** Opening DATA SHOWN block **

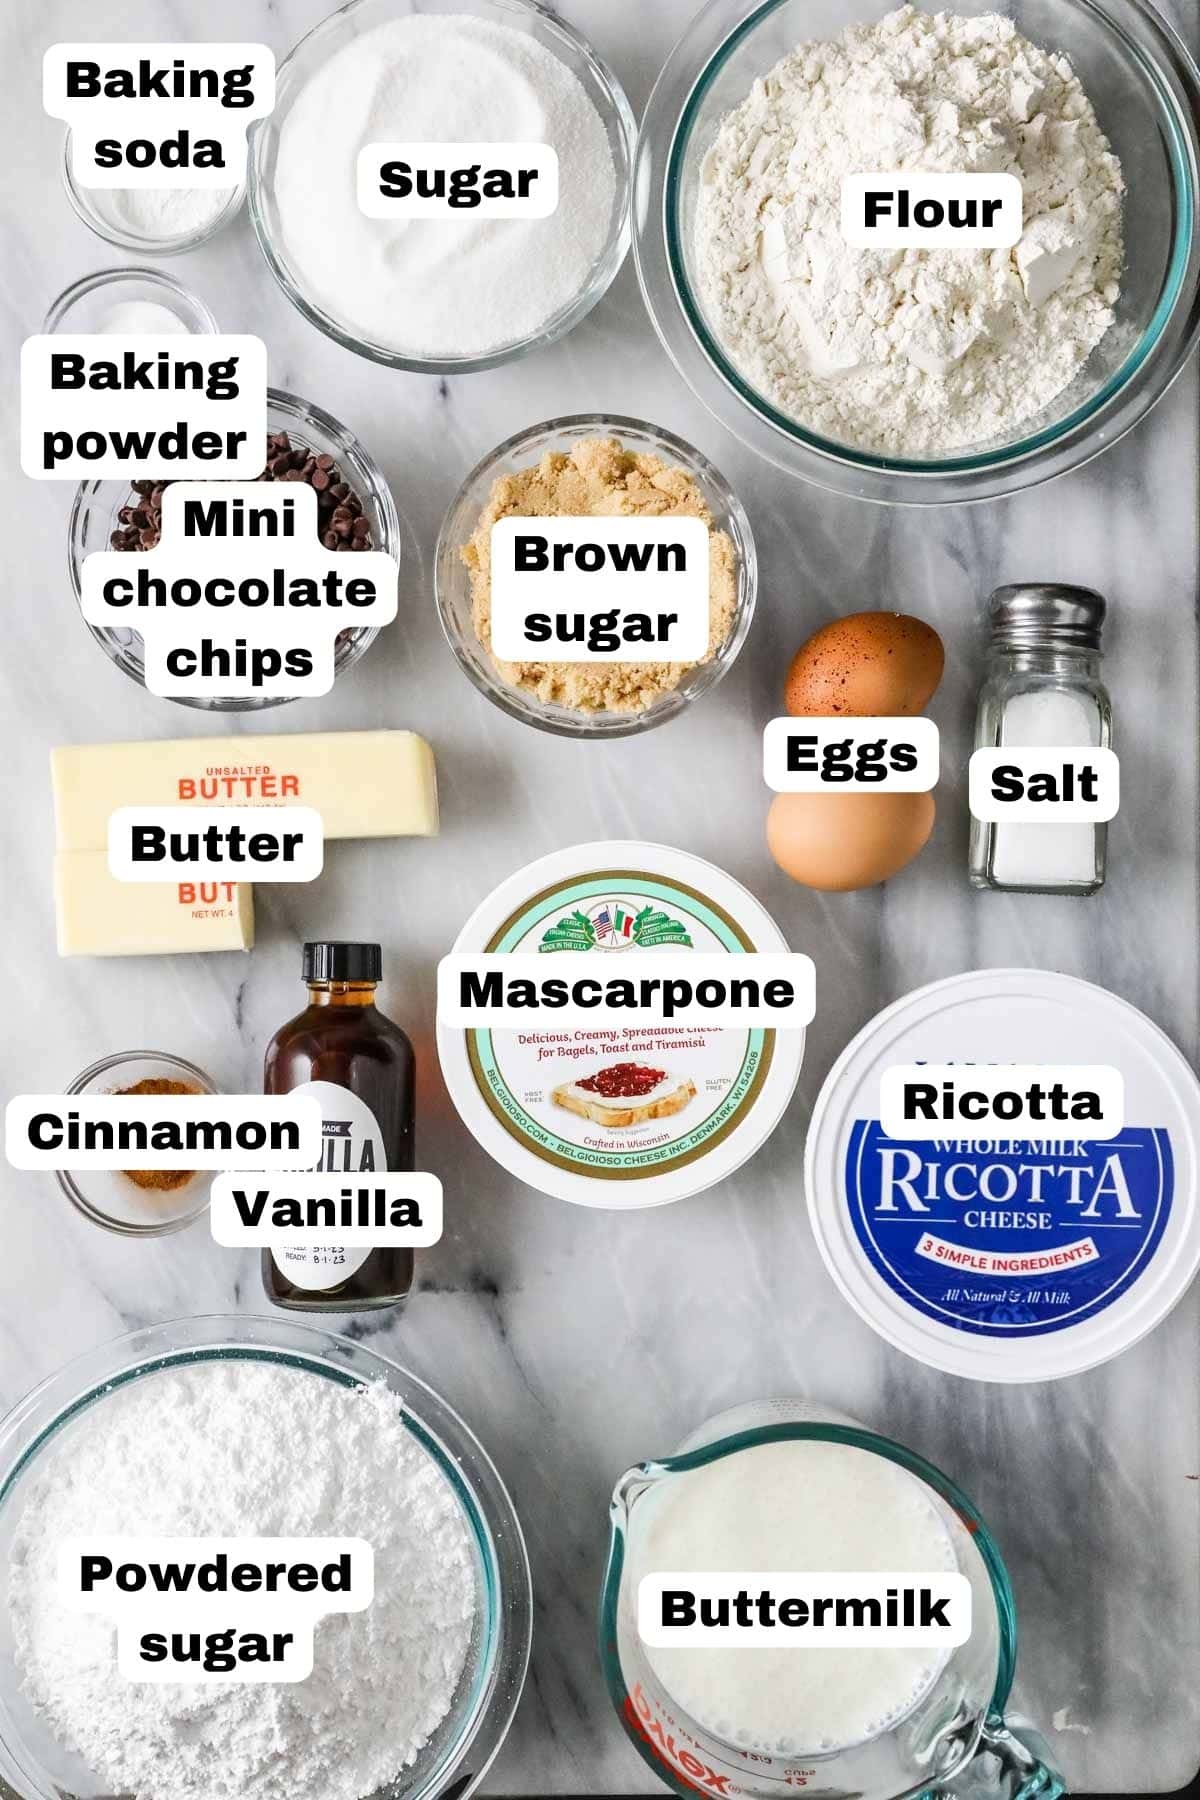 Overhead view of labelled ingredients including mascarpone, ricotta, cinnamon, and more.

** Closing DATA SHOWN block **
** Opening DATA SHOWN block **

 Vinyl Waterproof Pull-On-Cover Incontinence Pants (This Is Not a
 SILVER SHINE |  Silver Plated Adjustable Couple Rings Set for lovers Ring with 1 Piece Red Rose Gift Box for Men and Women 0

** Closing DATA SHOWN block **
** Opening DATA SHOWN block **

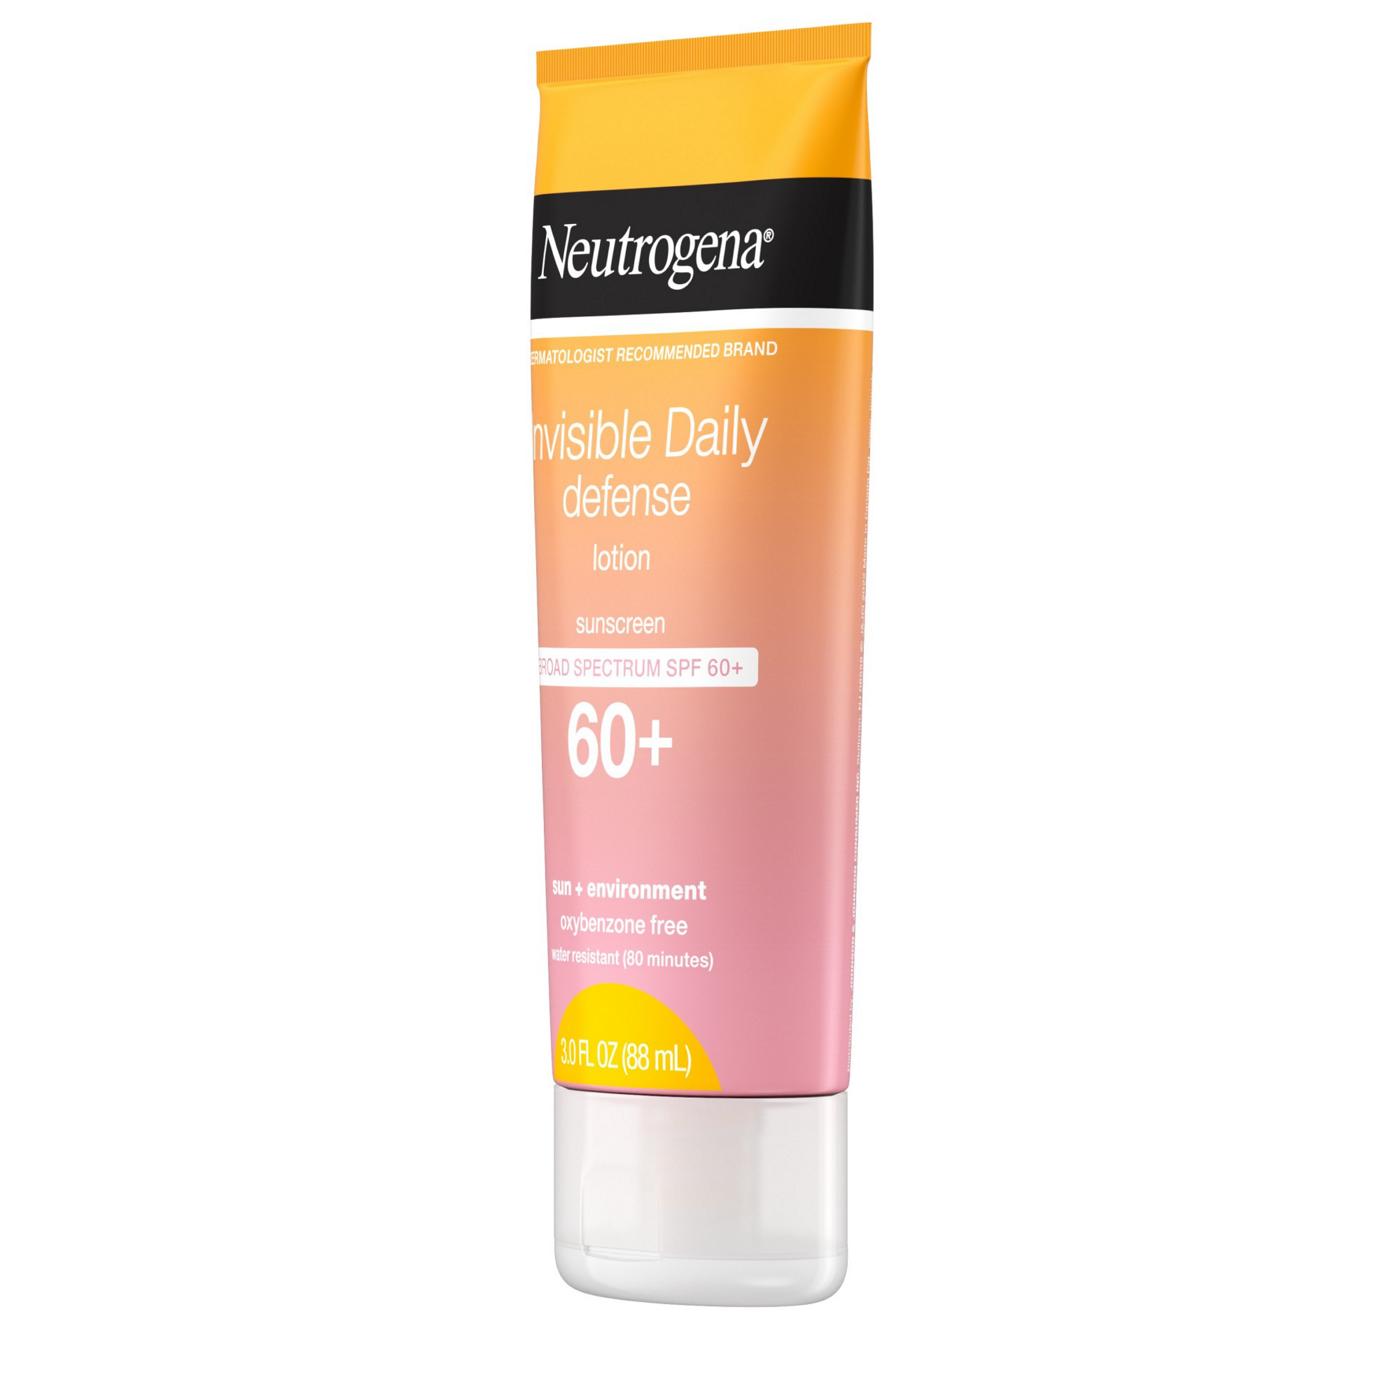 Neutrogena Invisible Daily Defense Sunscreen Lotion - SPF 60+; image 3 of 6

** Closing DATA SHOWN block **

HOW TO COMPLETE THIS TASK: Starting with the line with "Vinyl Waterproof Pull-On-Cover" above and going on through the line with "SILVER SHINE |", transcribe every line exactly, both ends included, and add nothing.

RESPONSE TO THE EXERCISE:
 Vinyl Waterproof Pull-On-Cover Incontinence Pants (This Is Not a
 SILVER SHINE |  Silver Plated Adjustable Couple Rings Set for lovers Ring with 1 Piece Red Rose Gift Box for Men and Women 0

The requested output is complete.